Starter Peter Haines came in for criticism for his handling of the start after the runners had charged the tape at the first attempt. Many race commentators felt that Haines was then too picky in trying to get a good line for the restart as he ordered the runners to turn back from the start five times before finally letting them go at the sixth attempt.

McKelvey was also found to have suffered an injury late in the race which would rule him out for almost the entire next season. The injury almost certainly cost him victory.

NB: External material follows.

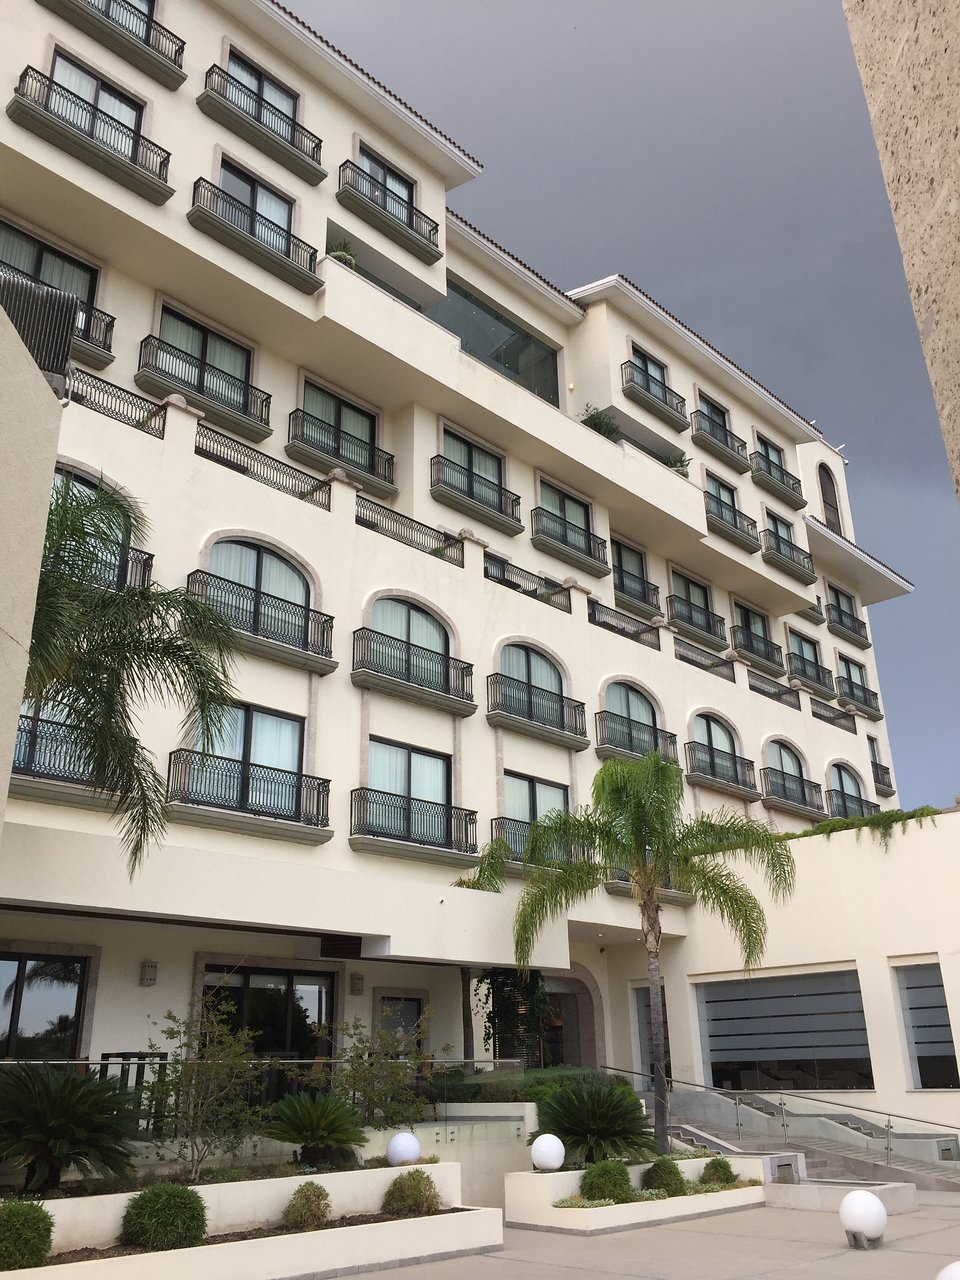 Hs Hotsson Hotel Leon 80 1 0 Updated 2018 Prices Reviews Mexico Guanajuato Tripadvisor

Winning jockey Robbie Power received a four-day ban from the stewards who found that during the run-in he had used his whip too often and also struck Silver Birch too near the stifle. Third-placed Barry Garaghty was also given a three-day ban for overuse of the whip on Slim Pickings.

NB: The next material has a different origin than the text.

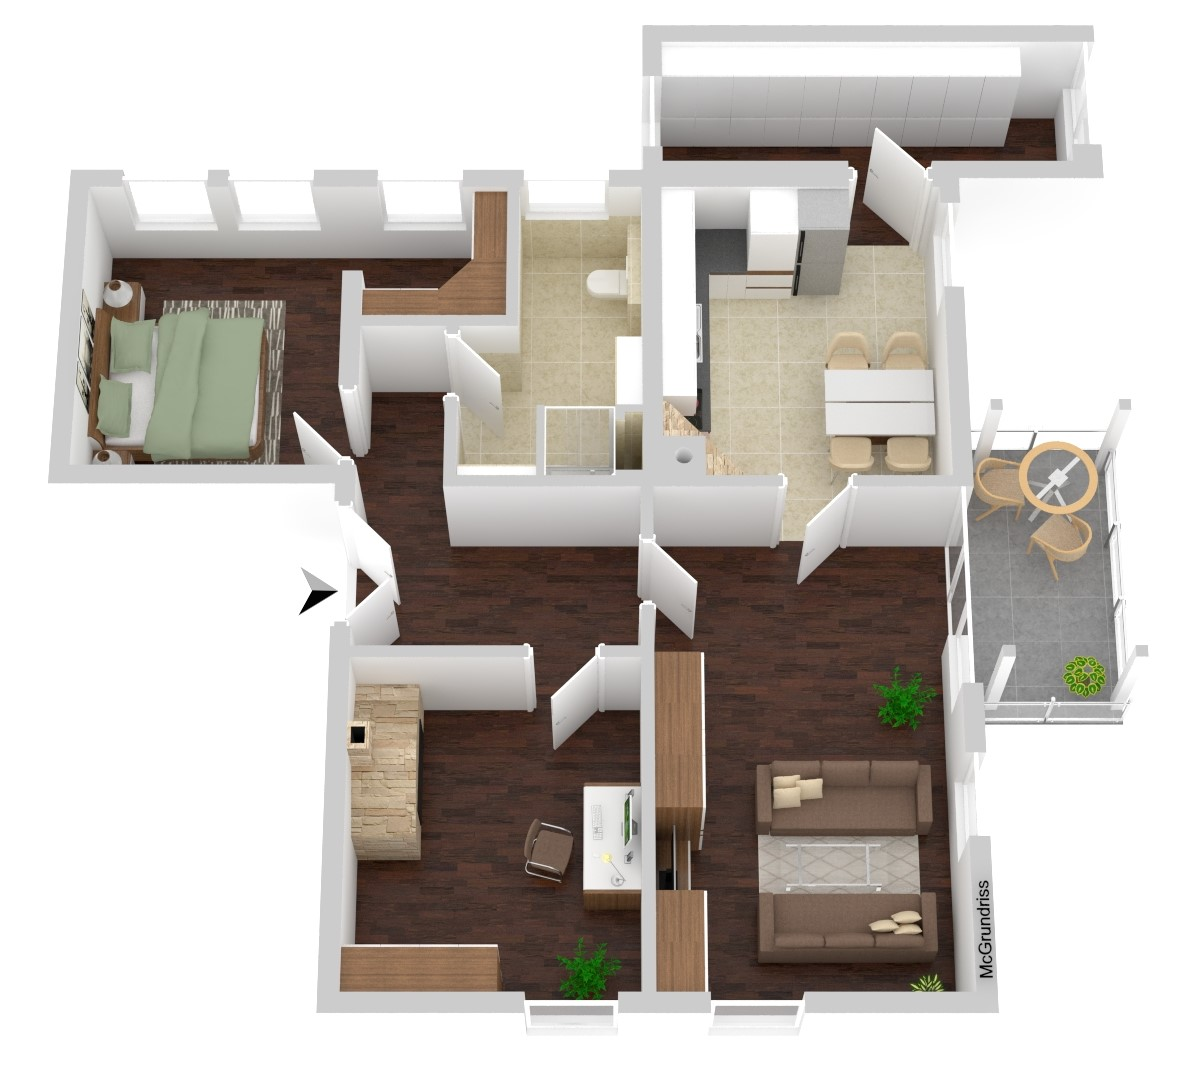 Wohnung Nr. 3 (96,71 m²)

Davy Russell required hospital treatment after being thrown from Livingstone Bramble at Becher's Brook on the first circuit for precautionary X-rays on his shoulder and back.
2007 was one of the warmest Nationals on record with temperatures at race time hitting 22 degrees Celsius.

==Media coverage==
The race was broadcast live on the BBC for the 48th consecutive year, but the first to not be run under the Grandstand banner as the final episodes would air earlier in the year on Saturday 27 January and Sunday Grandstand airing the next day on 28 January 2007. The televising of the race included cameras inside the first fence and two cameras inside jockey's caps (Jamie Moore on Thisthatandtother and Tom Doyle on Knowhere). The programme was presented by Sue Barker and Clare Balding with summary from John Parrott, Richard Pitman and Norman Williamson. The race commentary team was Ian Bartlett, Tony O'Hehir, Darren Owen and lead commentator Jim McGrath who called the runners home for the tenth year.

==Jockeys==
With the retirement of Carl Llewellyn, Tony McCoy, Mick Fitzgerald and Paul Carberry took over as the most experienced riders in the weighing room, each taking their twelfth ride in the National. Fitzgerald had previously won in 1996 and Carberry in 1999 but McCoy became the eighth rider to have taken twelve rides without being winner or runner-up.

Eight riders made their Grand National debut, with Tom O'Brien finishing second, Daryl Jacob fourth and Sam Waley-Cohen fifth. Wayne Hutchinson and Philip Carberry's debuts both ended at the first fence, while Denis O'Regan, David Condon and Paul O'Neill also failed to complete the course.